Sparql Endpoints¶

While it is useful to query local data in RDF format with Sparql queries there is now another way of accessing data: Sparql endpoints, services that are identified by URLs and are capable of processing queries and returning results.

In this manner an organization can provide a service for accessing its data both in an interactive, and, more importantly, also an automated manner.

An increasing number of endpoints is becoming available for a large array of applications. There are several sources that list available Sparql endpoints, such as

  • https://www.wikidata.org/wiki/Wikidata:Lists/SPARQL_endpoints
  • https://www.w3.org/wiki/SparqlEndpoints

DBPedia¶

The DBPedia project extracts structured data from Wikipedia and makes this data available in various formats:

  • on their website http://dbpedia.org
  • as downloads in formats such as Turtle
  • via their Sparql endpoint

Taking a look at a sample page such as

http://dbpedia.org/page/Italy

we find the various properties that are associated with countries.

In the following example we will query the endpoint to get a list of countries with their populations and capitals.

We use the SPARQLWrapper package to access the data.

In [24]:
# uncomment if needed
# %pip install SPARQLWrapper 
In [1]:
from SPARQLWrapper import SPARQLWrapper, JSON, CSV

The endpoint has an URL address where the service is waiting for requests, such as ours.

In [2]:
sparql = SPARQLWrapper("http://dbpedia.org/sparql")

Countries and Capitals¶

The query is a little more elaborate then our previous examples.
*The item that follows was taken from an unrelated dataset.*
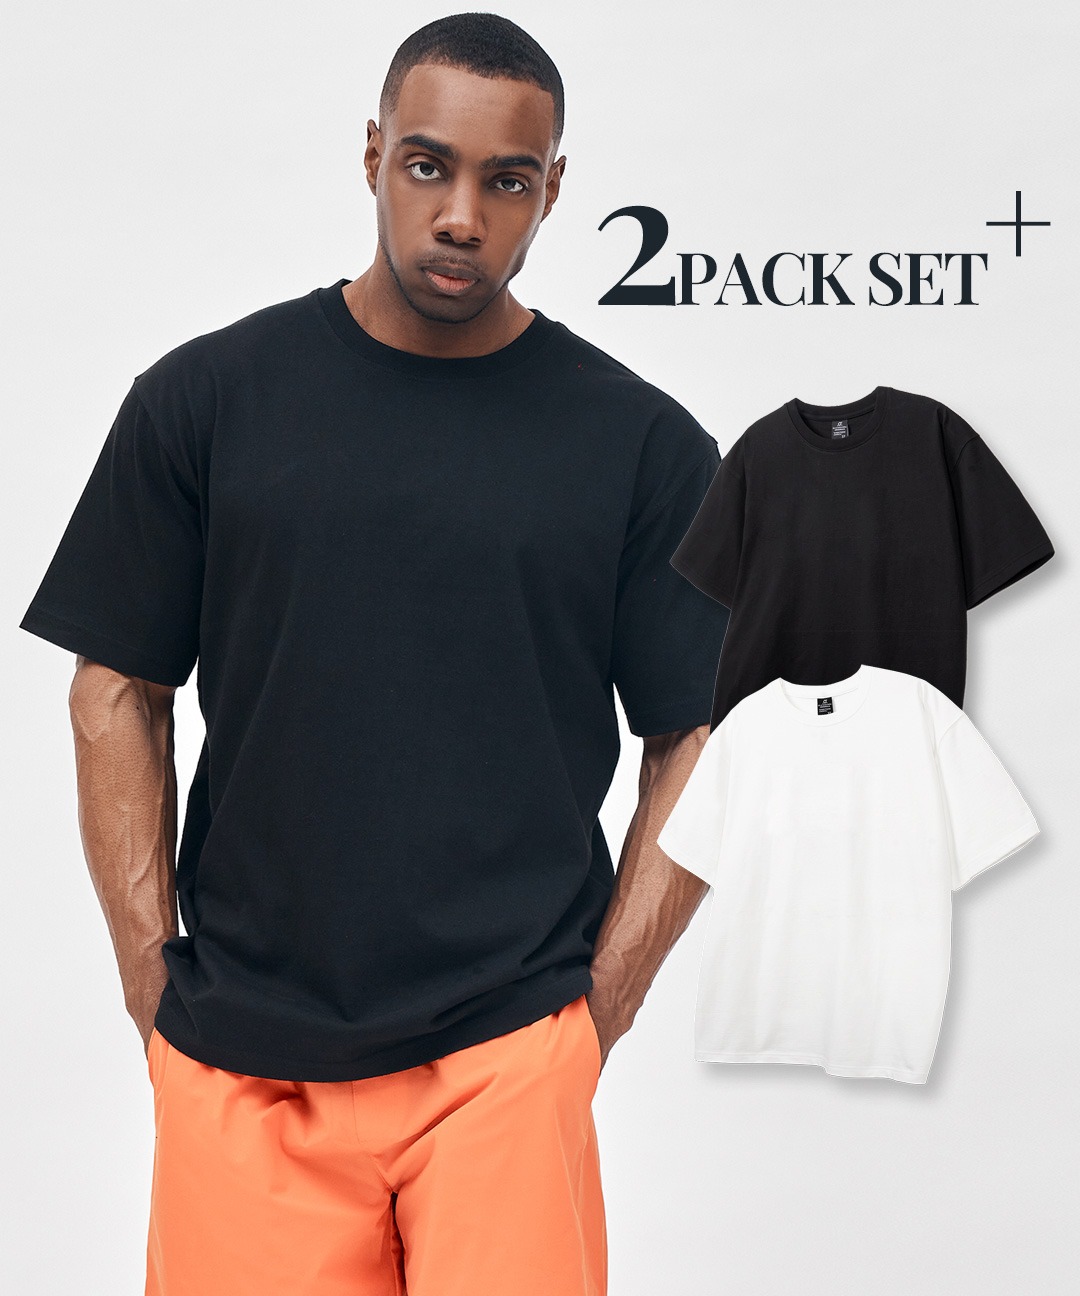 24SS 무지 스탠다스 반팔 티셔츠 (2PACK)
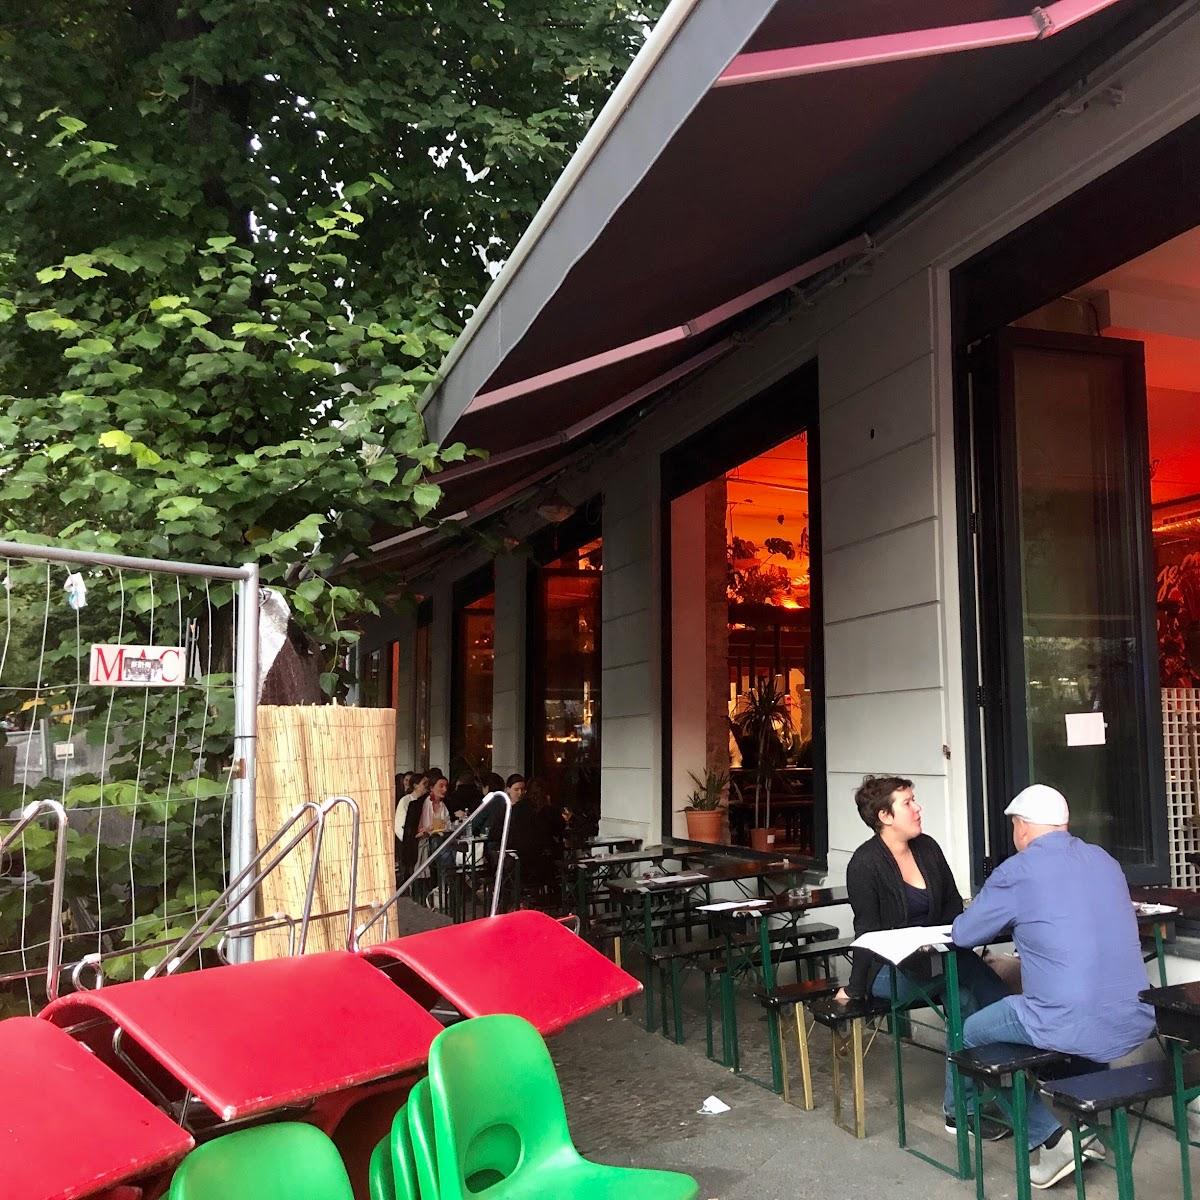 Restaurant "Paolo Pinkel" in Berlin

  • we use the dbpedia prefix for their property names
  • the places we are looking for are of type dbo:Country

Note that DBPedia triples are extracted from structured content in Wikipedia which is a community effort; entries are not always reliable or objective, particularly when it comes to political issues; Wikipedia editors are people, and people often favour their own agenda over unbiased information.
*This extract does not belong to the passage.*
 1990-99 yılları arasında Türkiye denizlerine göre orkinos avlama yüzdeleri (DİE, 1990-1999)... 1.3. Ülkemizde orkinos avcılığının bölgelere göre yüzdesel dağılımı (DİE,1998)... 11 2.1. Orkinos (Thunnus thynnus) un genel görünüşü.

We are querying a public endpoint that receives a lot of requests. The LIMIT clause is meant to avoid huge data transfers in case our query does not work as expected.

Languages¶

Wikipedia and therefore DBpedia come in a number of languages.

Labels are assigned language tags e.g. the capital of Italy has the name 'Rome' in English but 'Roma' in Italian.
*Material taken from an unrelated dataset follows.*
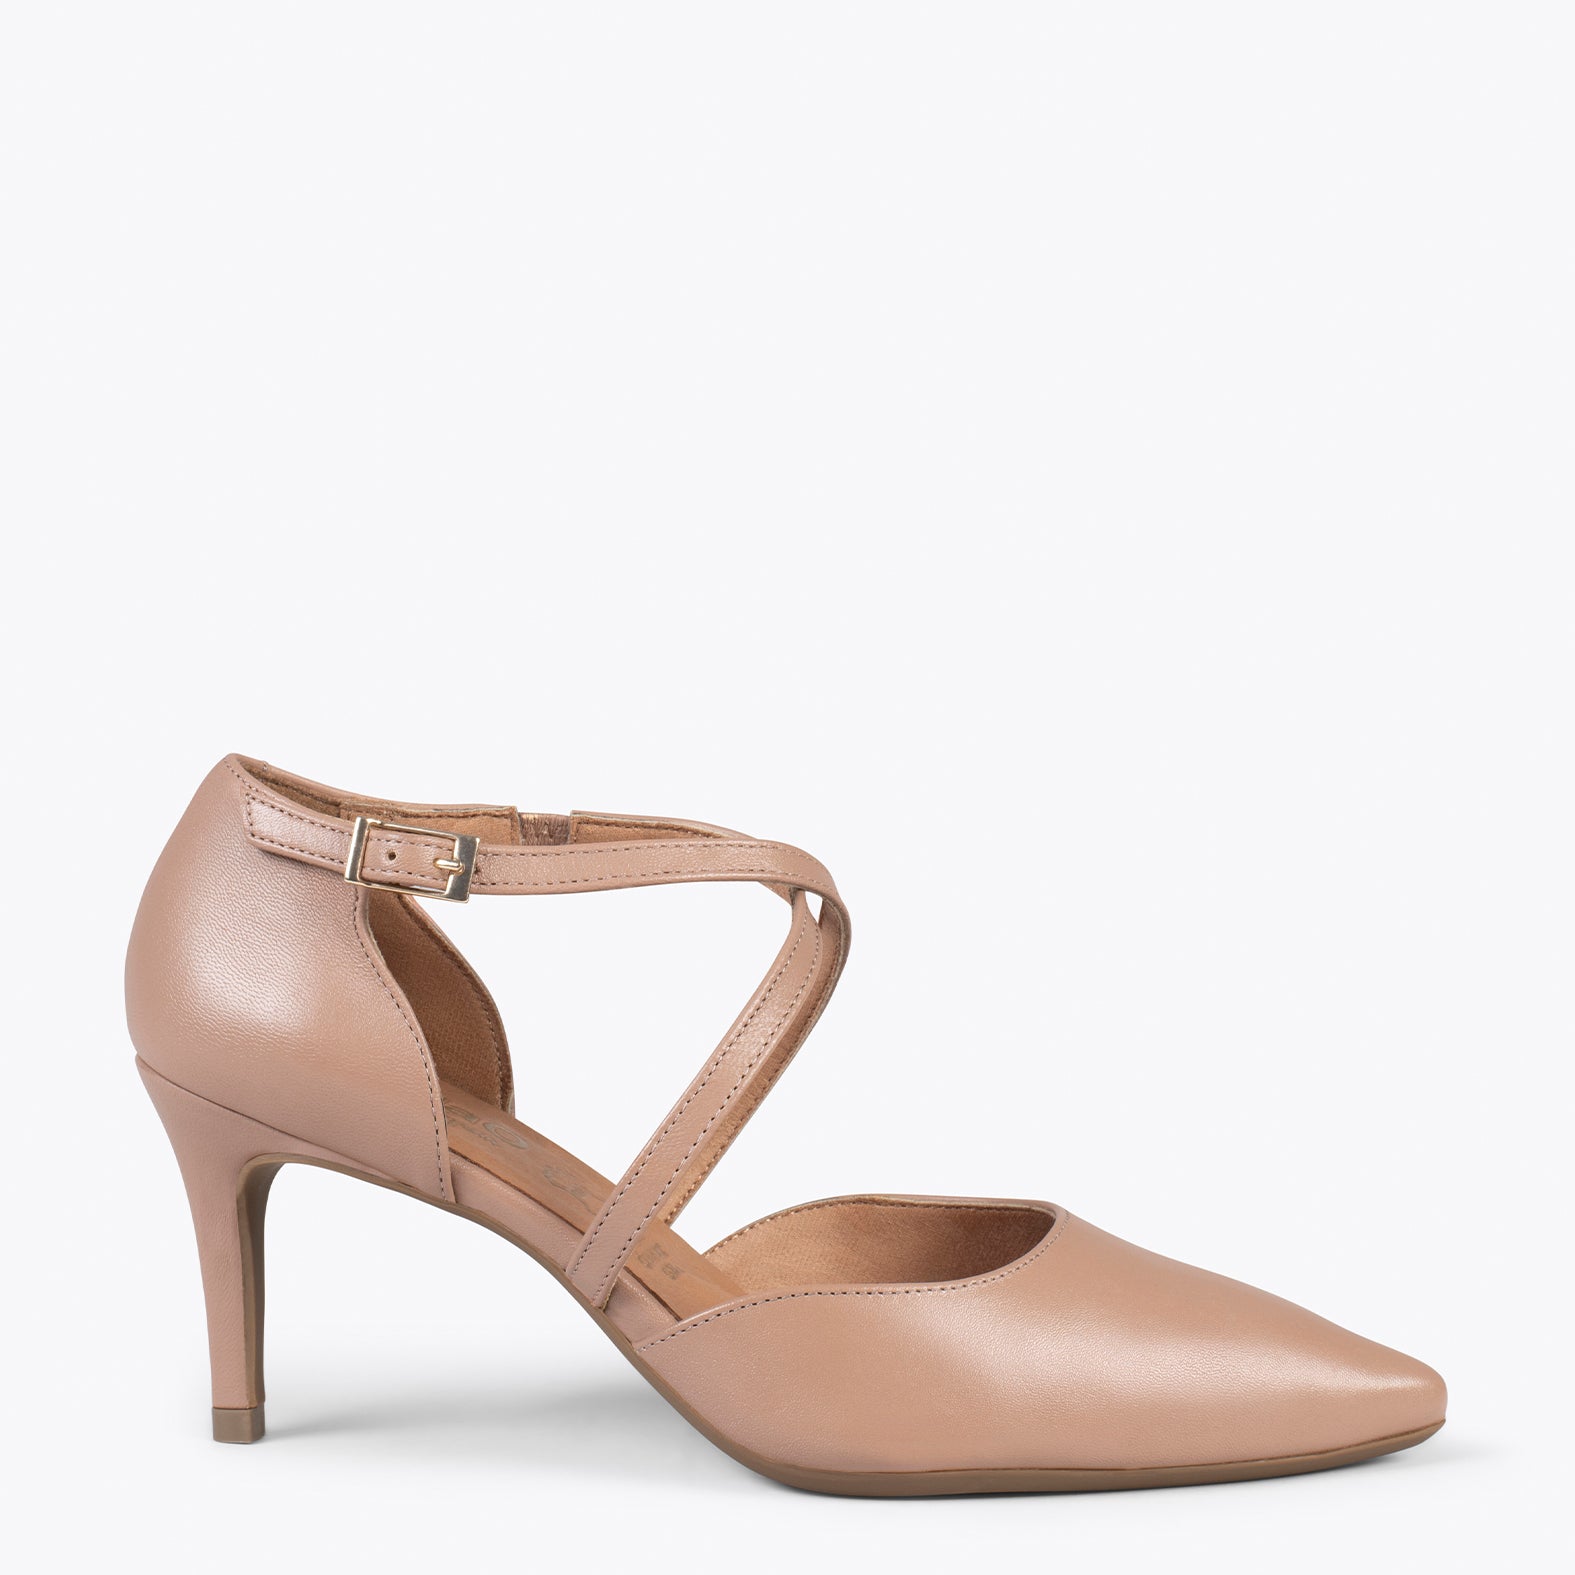 COCKTAIL - TAUPE elegant high heel stilettos

The filter() option allows us to restrict to English by using the lang() function.

In [13]:
sparql.setQuery("""
    PREFIX rdfs: <http://www.w3.org/2000/01/rdf-schema#>
    PREFIX dbo: <http://dbpedia.org/ontology/>
    
    SELECT ?country ?population ?capital
    WHERE { 
    ?place rdf:type dbo:Country .
    ?place rdfs:label ?country .
    filter(lang(?country) = 'en')
    ?place dbo:populationTotal ?population .
    ?place dbo:capital ?cap .
    ?cap rdfs:label ?capital
    filter(lang(?capital) = 'en')
    }
    LIMIT 20
""")

JSON is a commonly used data-interchange format that works with name/value pairs and ordered list.

In Python we can access the various parts of the results as dictionaries which give us the values for the keys within the square brackets [].

In [14]:
sparql.setReturnFormat(JSON)

Now we are ready to send the query to the endpoint and process the result.

It usually takes a while to process, maybe 5-10 seconds or so.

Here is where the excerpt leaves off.